# In Honor of Hertz9753



## BWG (Mar 25, 2021)

Hey guys, been a while since I've been around here, but if you remember hertz, you might appreciate this: https://forums.extremehw.net/topic/1070-in-honor-of-hertz9753-build-log/?do=getNewComment


----------



## thebluebumblebee (Mar 25, 2021)

In honor of???

Edit: I'm not asking who, I'm asking why.


----------



## BWG (Mar 26, 2021)

He used to fold here. Also, for OCN.



thebluebumblebee said:


> In honor of???
> 
> Edit: I'm not asking who, I'm asking why.











						Obituary for Michael  Hertz at Eastgate Funeral & Cremation Service
					

Michael Wayne Hertz, 50, passed away Wednesday, January 17th, 2018, at his home of natural causes. A memorial service will be held at 100 pm Monday, January 22, at Faith Lutheran Church, 1402 E. Avenue C., Bismarck. A prayer service will be held at 300 pm Sunday, January 21, at



					www.eastgatefuneral.com
				




Do you guys run any monthly events I could fold his card in for him to show up on? I have almost all of his passkeys.


----------



## zotric (Apr 16, 2021)

thebluebumblebee said:


> In honor of???
> 
> Edit: I'm not asking who, I'm asking why.


I just clicked the link to find out.


----------



## BWG (Apr 24, 2021)

Ok, should be dropping points today here.


----------



## 64K (Apr 24, 2021)

Sorry to hear this. He started the thread in the Lounge called Mike's Music Club. One of the more popular threads there and I regularly use it.


----------



## qubit (Apr 24, 2021)

I never knew him, but really sorry to hear he’s passed. Sounds like a great guy.


----------



## 1freedude (May 4, 2021)

Thats what I get for working too much, missing news like this.  We chatted a few times many years ago.

Rest in peace, brother


----------



## MentalAcetylide (May 5, 2021)

50 is quite young by today's standard. Brad McQuade also passed away in late 2019 at the same age. He was the lead programmer/designer of Sony Online Entertainment's Everquest for a while. Before his passing, he was working on a new MMORPG "Pantheon" or something like that.


----------



## BWG (May 6, 2021)

Yeah, he was a cool guy. Glad I still had the GPU. We actually have an event on EHW it's folding in, and it's doing really well being water-cooled and all. Just parts I had in reserve from long ago were used and some prizing from an event.


----------



## bogmali (May 6, 2021)

Remember him when I was folding at full force here. Will switch my machines in his honor.









						hertz9753
					






					www.techpowerup.com


----------



## BWG (May 7, 2021)

I pushed the power up from 141 watts to 150 watts in the bios today on his 960. Do you need a passkey for him?


----------



## bogmali (May 7, 2021)

BWG said:


> I pushed the power up from 141 watts to 150 watts in the bios today on his 960. Do you need a passkey for him?
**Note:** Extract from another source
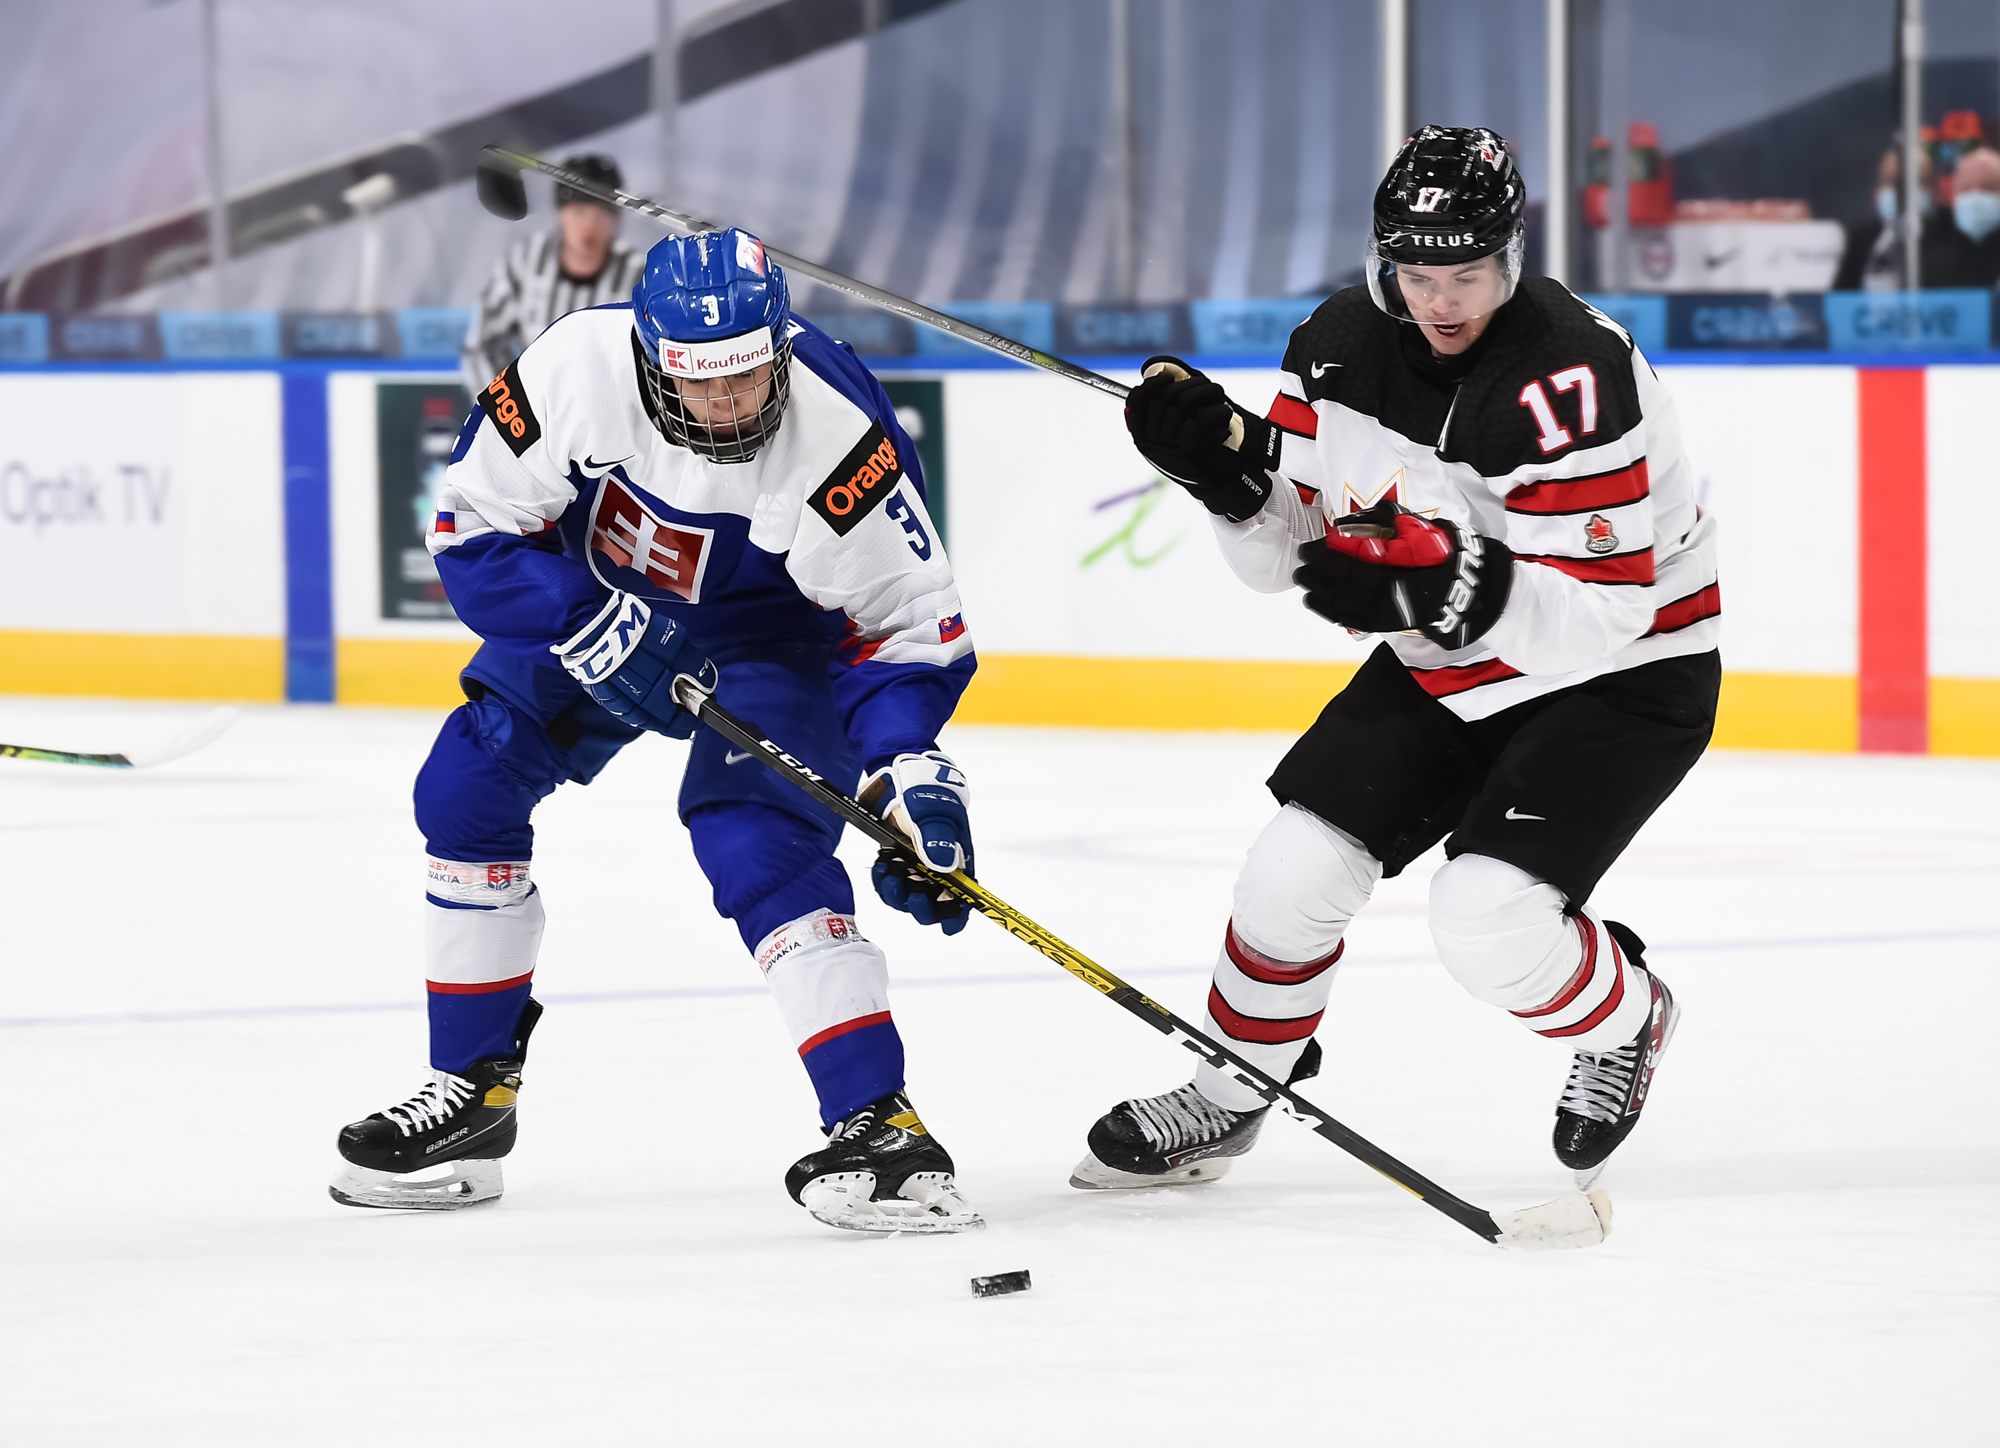 IIHF - Gallery: Slovakia vs Canada - 2021 IIHF World Junior Championship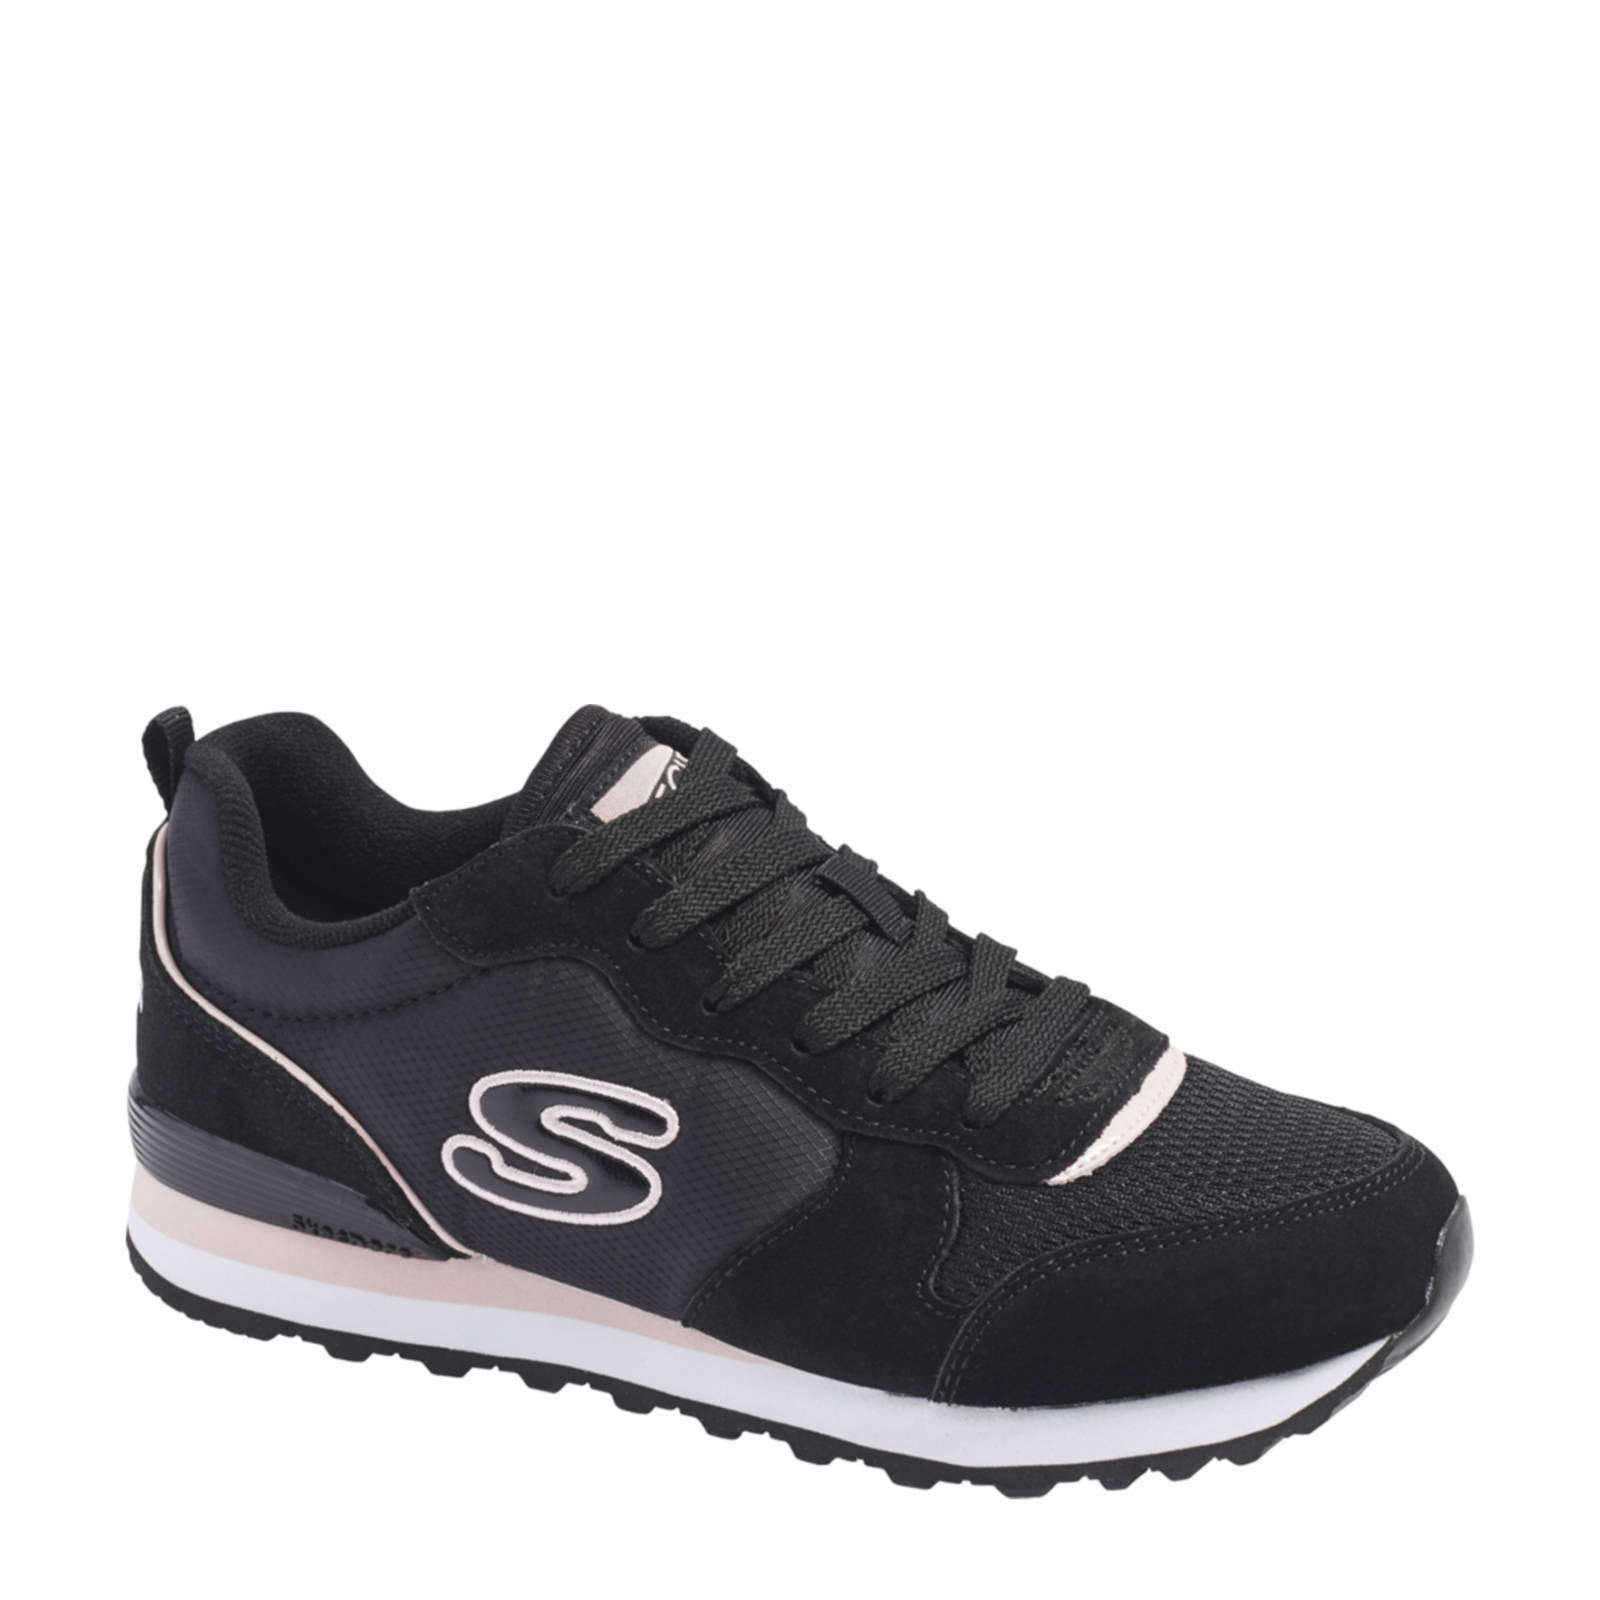 Skechers Originals OG 85 Step N Fly dames sneakers online kopen

Should not but I'll let you know if I do

EDIT: Seeing that you are at Extreme, do you remember Mike047? Here is his profile here: https://www.techpowerup.com/forums/members/mike047.68441/


----------



## BWG (May 7, 2021)

bogmali said:


> Should not but I'll let you know if I do
> 
> EDIT: Seeing that you are at Extreme, do you remember Mike047? Here is his profile here: https://www.techpowerup.com/forums/members/mike047.68441/



No, but it's ExtremeHW which might not be the same Extreme you're thinking of. My Extreme is an OCN Manager Spin-Off Forum made in the past few years.


----------



## BWG (May 16, 2021)

I forgot to add the advanced flag, so I did that yesterday. Now she's really rolling. 1560 MHz GTX 960 and it has a little more headroom with the power limit raised, but I'll just stay here for now. The card may even win the competition it's in.

Going to switch the team #, but it'll return next month sometime.


----------



## JinuIslife8 (Jun 1, 2021)

RIP this man he must've been a great guy here.


----------



## BWG (Aug 17, 2021)

Switching it back over to your team tonight. Also, it's in that event I posted about. It's actually dominating the whole event on moonshot so terribly that it's wrecked our handicapping model. It went from 325k PPD or so up to 620k or better on those projects, and kept continuously getting them.

Anyway, I hope everyone is doing well. Glad to see your team is folding quite well. Nice work!


----------